Filming parts of a script to show money people how it might look as a motion picture seems to be a clever new way of getting financing, but in this case it completely changed the Oscar dynamic for Whiplash, which is still reeling from the decision. And it could affect the race in different ways. If Whiplash is nominated for Adapted Screenplay on this technicality, which other deserving truly adapted script might lose out? And if Whiplash misses a nomination simply because enough voters who were sure it was original, like Gatins, don’t bother to check all the way down to the ‘W’s’ under Adapted Screenplays, won’t that be a shame for this little movie that could, shot in 19 days. It may be time for the Academy writers to further tweak their rules to reflect the realities of getting movies made today. Historically, the Adapted Screenplay category was created to honor writers who brought plays and books to the screen. It has gotten a lot more complex in recent years. But the question should be asked: What exactly are we adapting here?
“We submitted it as an original screenplay to the Writers Guild and the Academy because that made total sense to us,” Sony Pictures Classics co-president Michael Barker told me tonight as he returned from the New York Film Critics banquet. “Remember when we had Frozen River it was a similar situation. Whiplash has been accepted as an original by the WGA. Now the Academy have made this designation that it is in the adapted category and they are not obligated to tell either the writer or the company that has the film of the designation. So it’s a surprise to us. I wish I had more information. And they don’t really give you a reason. I wish the Academy could give an explanation.”
For their part, sources with knowledge of the situation at the Academy say there is simply no way, with nearly 300 scripts submitted each year, that they can contact each writer and company individually. And they maintain they have the right to make these designations based on their printed rules.
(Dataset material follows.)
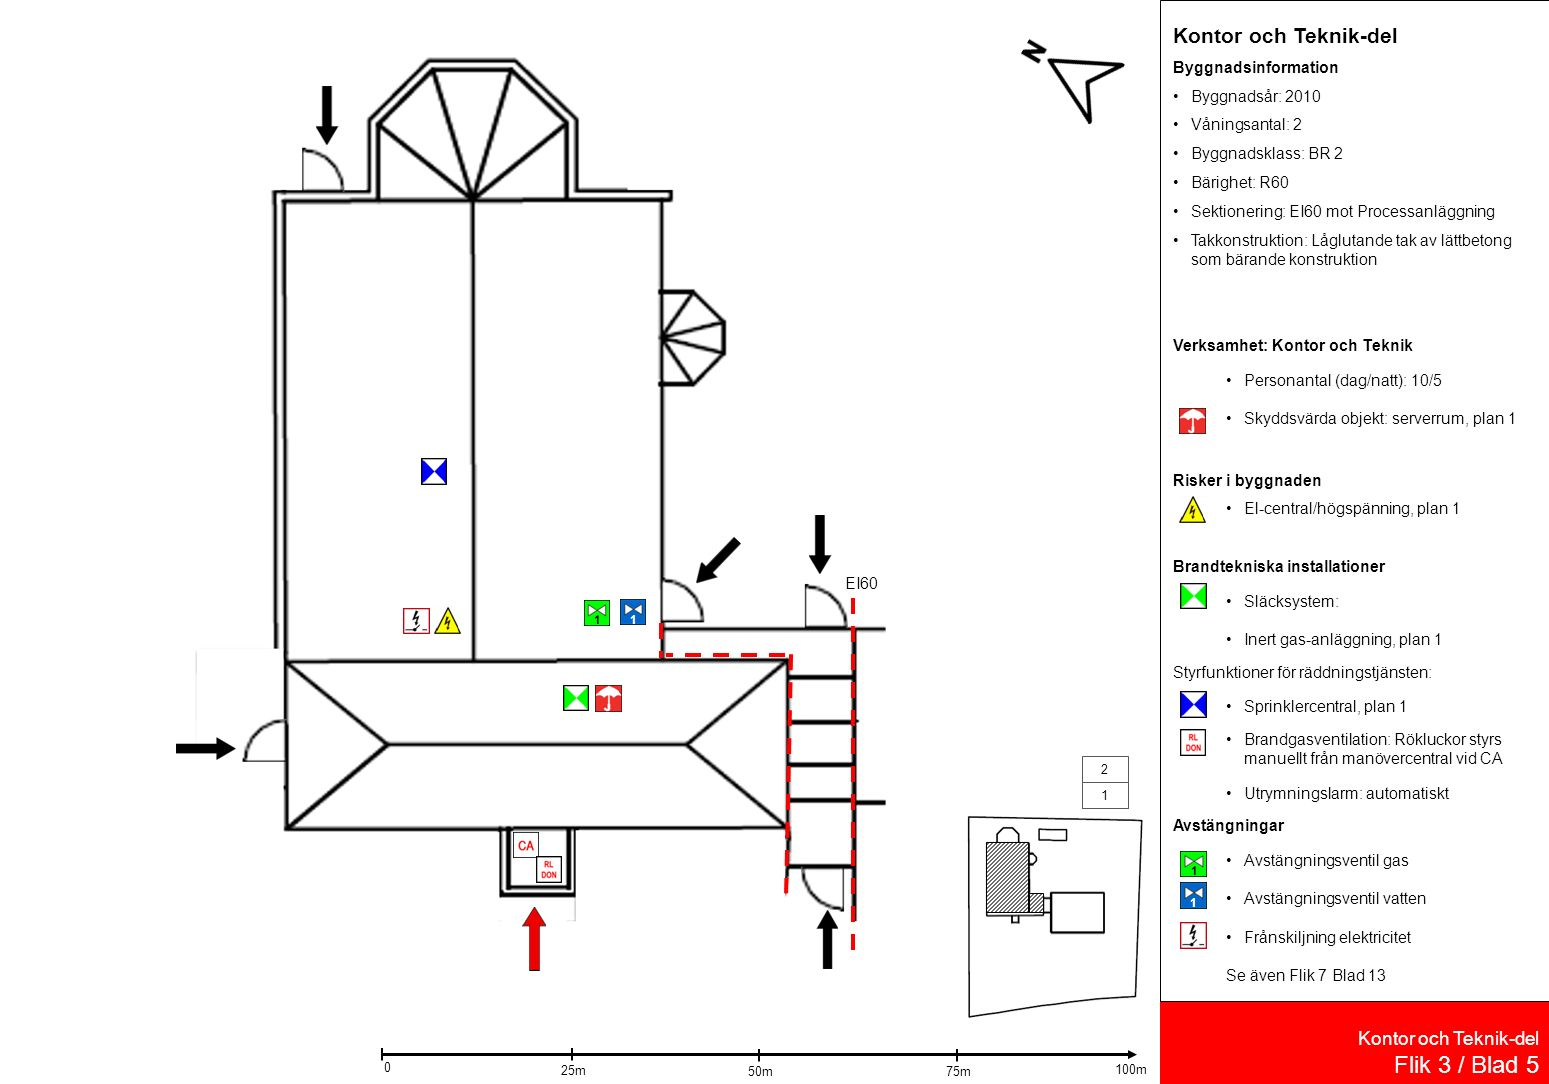 Processanläggning Flik 3 / Blad 6 Processanläggning Byggnadsinformation Byggnadsår: 2010 Våningsantal: 2 Byggnadsklass: BR 2 Bärighet: R60 Sektionering: EI60 mot Kontor och Teknik-del Takkonstruktion: Låglutande tak av lättbetong som bärande konstruktion Skyddsvärda objekt: Inga Verksamhet: Processanläggning Personantal (dag/natt): 10/5 Risker i byggnaden Cisterner med frätande ämnen, 2 cisterner med 3m 2, 1 cistern med 6 m 2, plan 1 Tryckkärl, 40 liter skyddsgas, plan 2 Radioaktiva ämnen, stålflaskor med spårämnen, plan 2 Rum med laser, plan 2 Brandtekniska installationer Släcksystem: Sprinklat utrymme, plan 1-2 Brandgasventilation: Rökluckor Styrfunktioner för räddningstjänsten: Brandgasventilation: Rökluckor styrs manuellt från manövercentral vid CA Säkerhetsbrytare för solceller Kontor och Teknikdel Utrymningslarm: automatiskt Avstängningar Huvudavstängningar via nödstopp tryckknapp Uppsamlingsanordningar: Invallning, plan 1 Se även Flik5/Blad11 och Flik 7/Blad 13 EI60 1 2 45m 15m 0 30m

And unlike the arrangement the Academy has with the Producers Guild, which vets each eligible producer, they do not have the same agreement with the WGA , which steadfastly refuses to qualify scripts not made under the WGA’s contract.
Clearly though, Whiplash is an Original Screenplay and it would seem oddly off kilter if it does end up Oscar-nominated as an adaptation. When I moderated the Talking Pictures Q&A with its much awarded co-star J.K. Simmons at the Palm Springs Film Festival on Saturday, he confirmed just how it came about.
“Damien had written it as a feature,” he said. “When Jason Reitman and Helen Estabrook and others tried to get it produced he was shocked that nobody wanted to give him millions of dollars to make a movie about a drummer, so really as sort of a proof of concept to generate funding to make it as a feature, he distilled the first scene in the studio band where Andrew comes in and a chair is thrown and all that stuff happens. That was the short film that went to Sundance two years ago and won awards and got the interest going and the funding to make the feature. So it was originally a feature, then a short, then a feature again.”
Estabrook, one of the newly PGA-nominated producers of Whiplash, told me today she was also taken by surprise by this decision. “I’m so proud of the story of the making of this movie. We did a kind of exciting thing in that we had this great script, a full feature script which we all loved, and we thought, ‘How are we going to get this made in this climate where it’s hard to make these tiny little things?’,” she said. “So what we did was to do this scene to show what a great director Damien was in order to get the feature made. It was because how powerful we felt the screenplay was that we then did the short from that. I guess the disappointment for me is that it has become some idea that our movie was just some adaptation of a short into the feature, which is not true. We just wanted to show financiers what a genius Damien could be as a director.”